To validate the simulation results, we conducted trial molding using the optimized mold and process parameters. The produced internal gears were inspected for dimensional accuracy and surface quality. The gears exhibited smooth surfaces without defects like flashes or sink marks, and the internal helical teeth met the required tolerance of ±0.05 mm. Measurement using a gear testing instrument confirmed that the gears achieved industrial grade 9 precision, satisfying the demands for automotive applications. This practical verification underscores the reliability of our cooling process optimization for internal gears, providing a reference for other internal gear manufacturers to improve their processes.
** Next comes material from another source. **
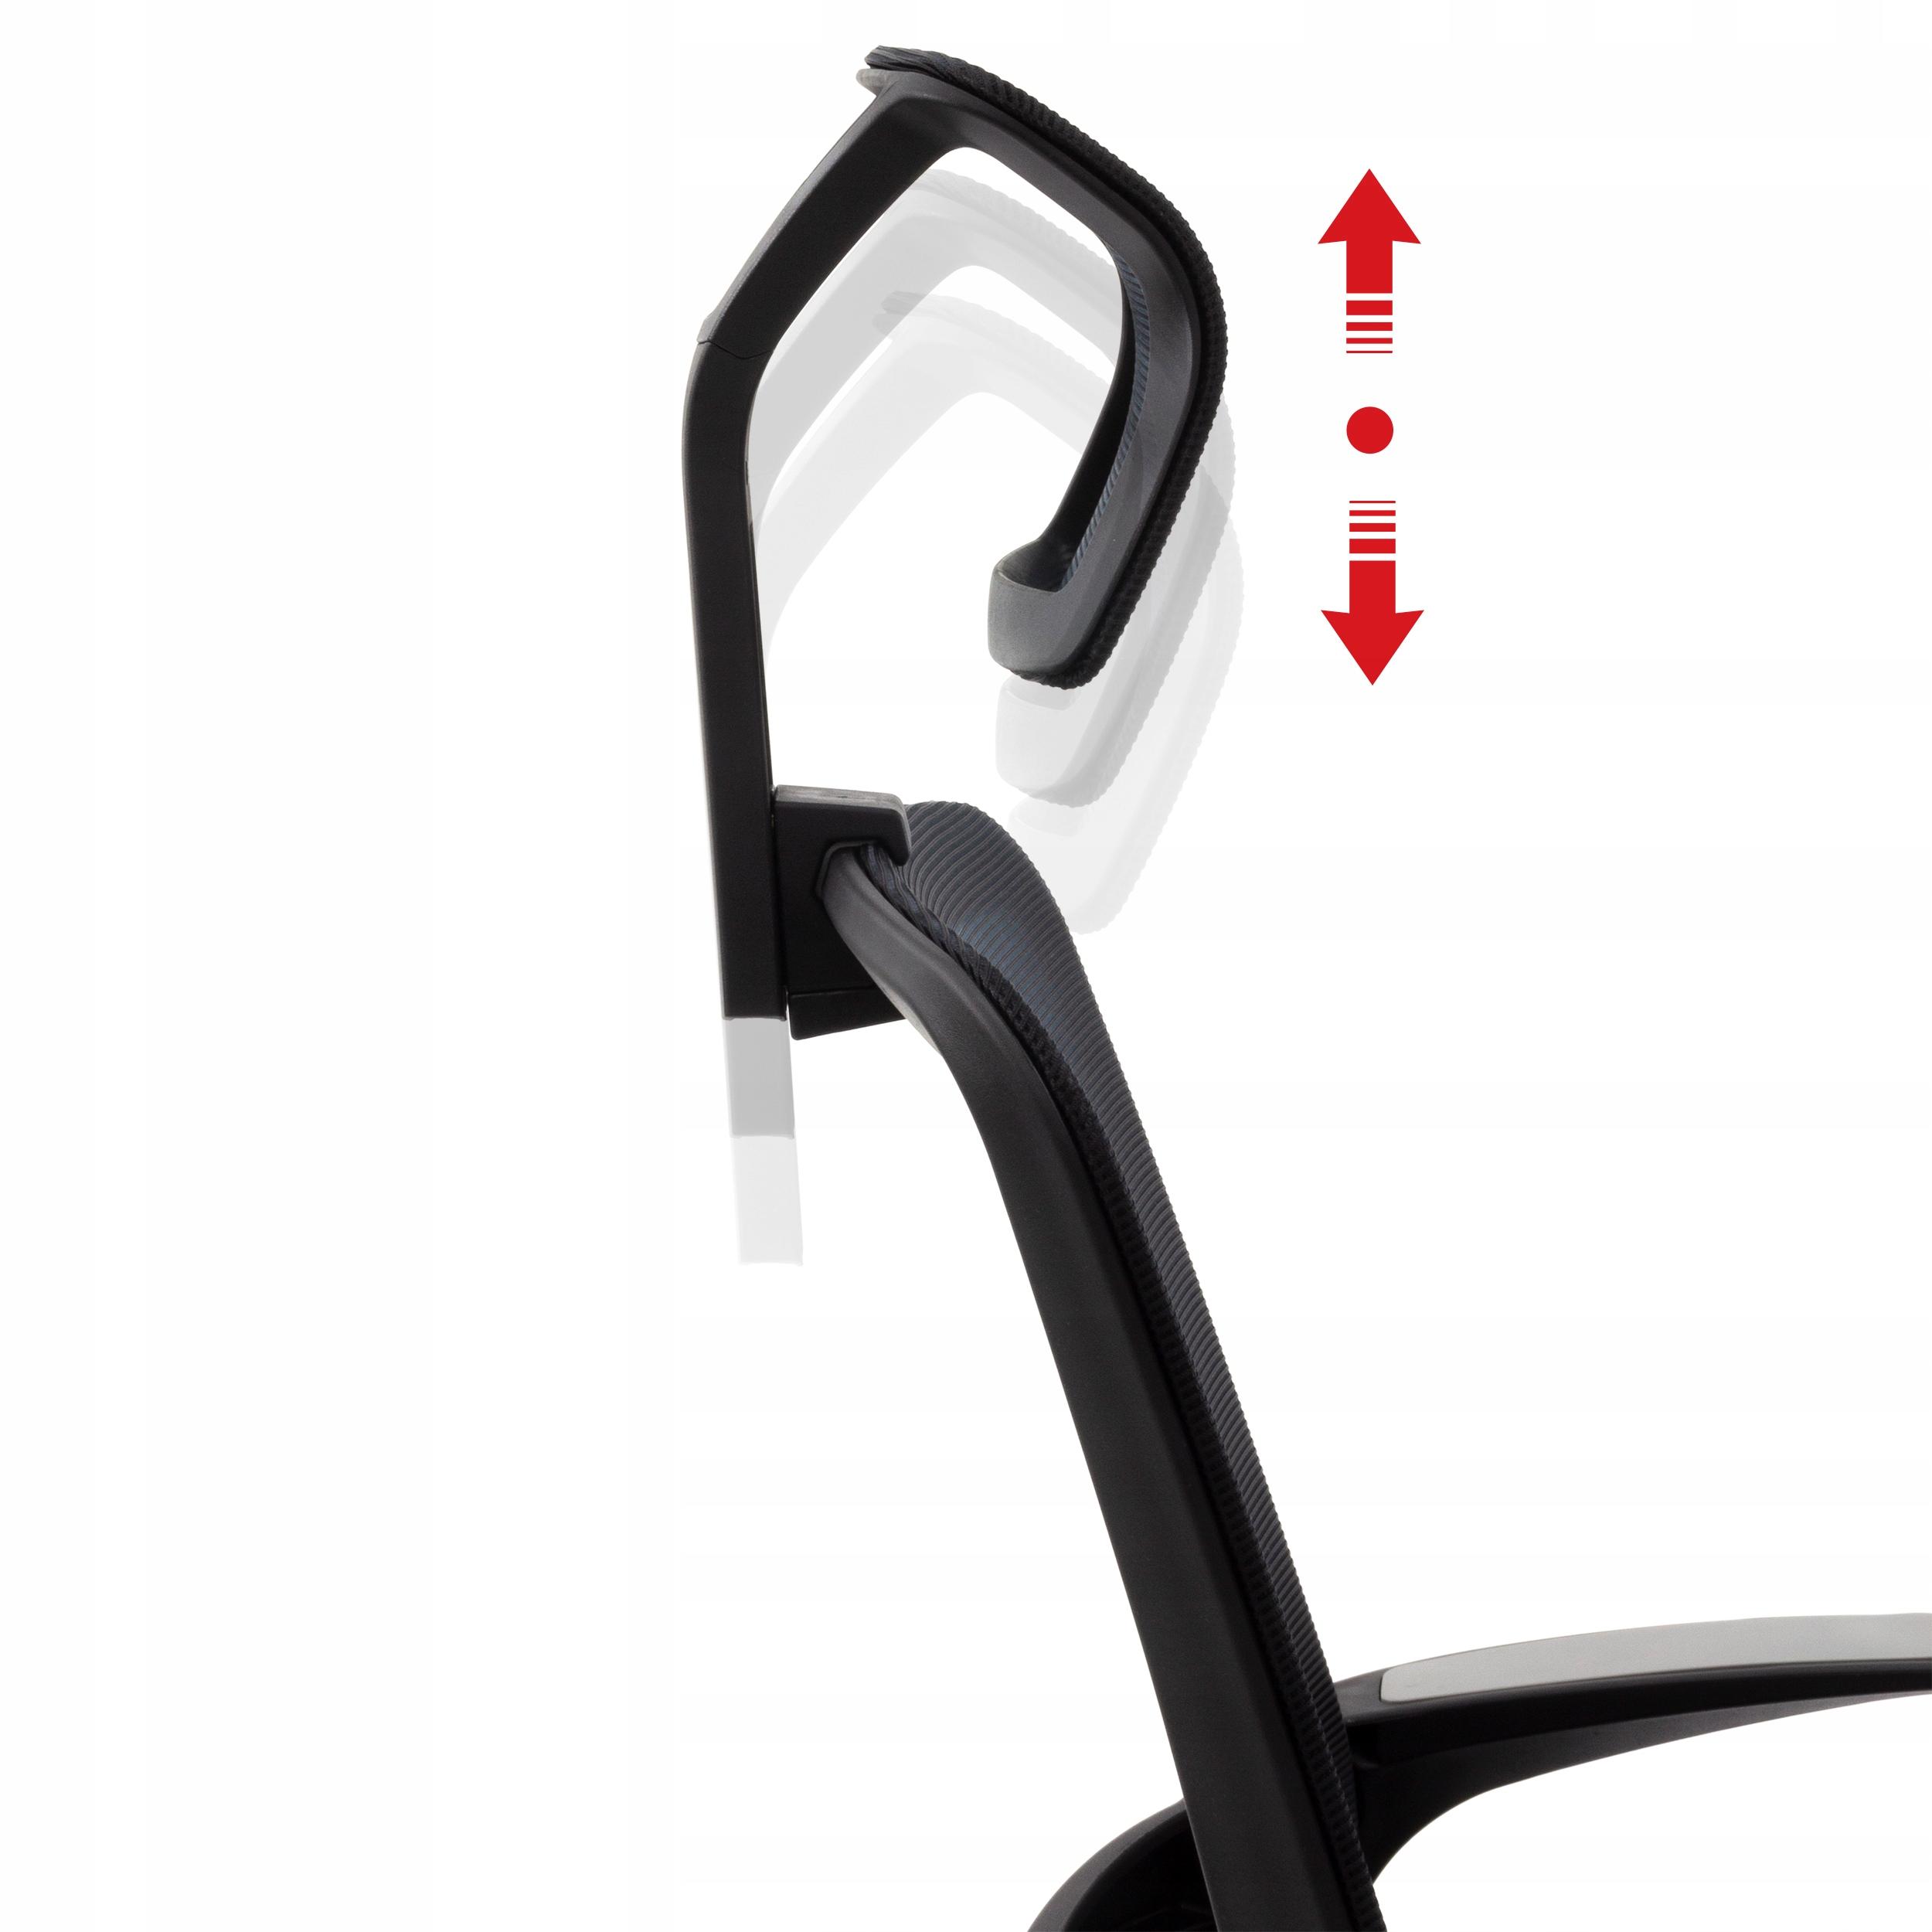 Ергономічний офісний стілець Поворотне крісло AMO-90 Глибина меблів - 64 см

In conclusion, the cooling process plays a pivotal role in the precision injection molding of double-headed spiral internal gears. Through systematic optimization using response surface methodology and orthogonal experiments, we identified that axial cooling with specific channel parameters minimizes warpage and ensures uniform cooling. The axial cooling scheme reduced warpage deformation to 0.2748 mm, outperforming traditional and spiral layouts. This study highlights the importance of cooling channel design in enhancing the quality of internal gears, which are essential for automotive lightweighting and noise reduction. For internal gear manufacturers, adopting such optimized cooling strategies can lead to significant improvements in production efficiency and product performance, ultimately contributing to the advancement of plastic gear technology in the industry.